With an almost evangelical rush, a number of churches are pitching in to help single parents.

Half of all children in the child-care program at Christ Our Shepherd Ministries in Matthews, N.C., come from single-parent families. The church recently reached out to bring these moms into the congregation.

In Colorado Springs, Colo., Guardian Angels Child Care Ministry trains babysitters and teaches other churches how they can subsidize children of single parents.

The First Baptist Church of Indian Rocks in Largo, Fla., bought an entire apartment complex, turned it into a nonprofit organization, and now houses dozens of single-parent families for free or reduced rent.

St. Croix Valley Christians in Action in Lake Elmo, Minn., offers a monthly car-care session for single mothers. While mechanics in the congregation unsheathe wrenches, the moms themselves are taught budget principles and other skills in a church classroom.

States, too, are starting to aid churches that want to help poor, single parents. Texas has agreed to fund some church programs aimed at providing help to families in trouble or need - an idea that has captivated church and lay leaders alike.

While the Roman Catholic Church, because of its institutional largess toward the poor, has tended to look on single-parenthood with "more of a sense of realism," it too has had to deal with the moral quandary presented by illegitimacy and divorce, says Clyde Crews, a history professor at Bellerman College in Louisville, Ky. But many Protestant churches - including the Baptists, Methodists, Presbyterians, and evangelicals - backed off tending to the needs of broken families after the federal government began to take over that job in the 1930s.
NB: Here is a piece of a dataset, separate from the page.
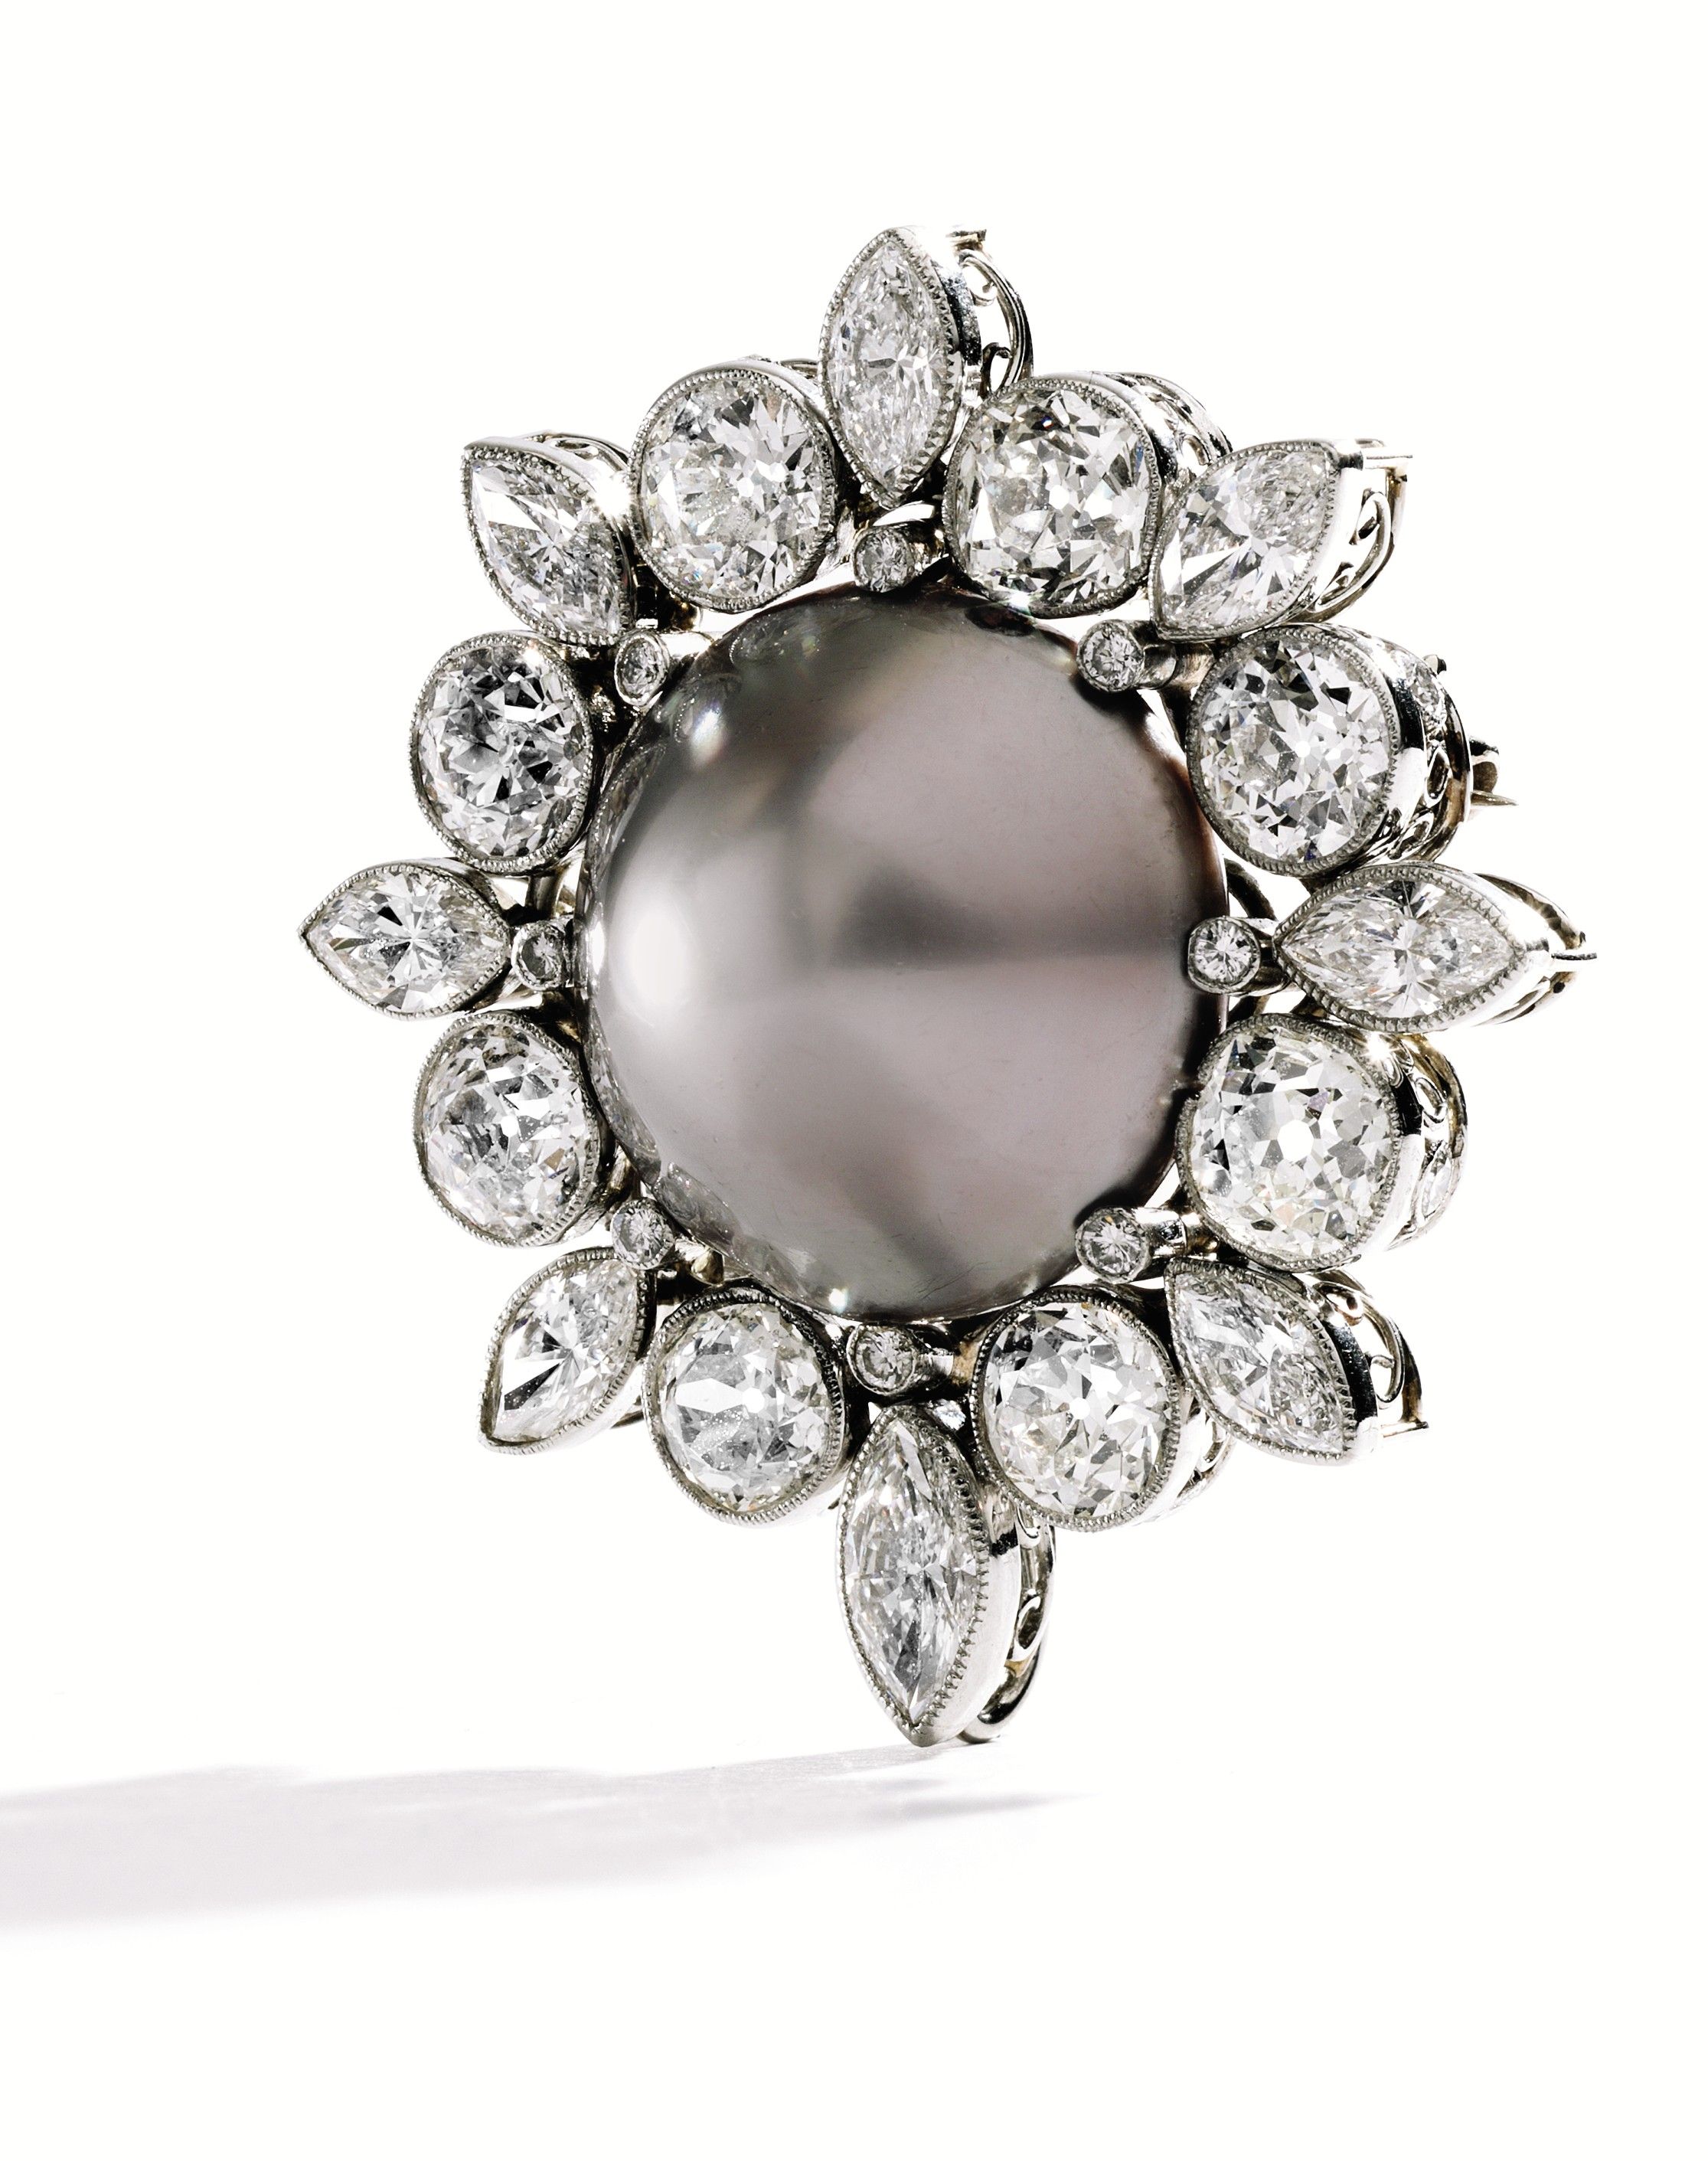 Diamond, natural pearl, brooch

Over time, church officials say, some of these churches came to treat single parents with ambivalence, if not disdain.

Indeed, there have been blow-ups in vestries and pews over what is seen as this new coddling of single parents.

"In one very reputable church in this area, this whole issue of bringing single parents' needs to the church board caused one elder to resign on the spot," says Jamie Pearce, the single-parent minister at Cary Church of God. "Many people still have the mindset that [single parents] ... brought this sin on themselves."

Yet many conservative church leaders say the embrace of single parents - given their growing numbers in American society - is long overdue.

"It's been human nature of the church to lean toward legalism, which is focusing on rules and [the belief that] people who don't follow rules should be shunned, when that's really not heart of Christianity," says Ms. Wright.

Indeed, churchgoing itself has changed drastically during the past 50 years. The longtime American cultural expectation that going to church on Sunday was what everyone did has faded. To revive relevance, many churches in the past decade have started ministries aimed at specific groups: teenagers, single adults, and the divorced.

Of course, churches never completely abandoned single parents and their children, especially in African-American congregations.

Bill Leonard, dean of Wake Forest Divinity School in Winston-Salem, N.C., can remember his childhood days in the 1950s in a small Texas town, when a man from his community church would fetch him for weekly Sunday picnics. The man - whom Mr. Leonard recalls only as "Mr. Wilkerson" - stepped in to help after divorce split Leonard's parents.

In fact, many churches, especially in the genteel South, have always helped single-parent families - albeit covertly. "They didn't organize elaborate programs, lest they embarrass families," Leonard says. "True enough, there was a time when the church was insensitive [to single-parent households]. But I think many church members also knew well what the culture would bear."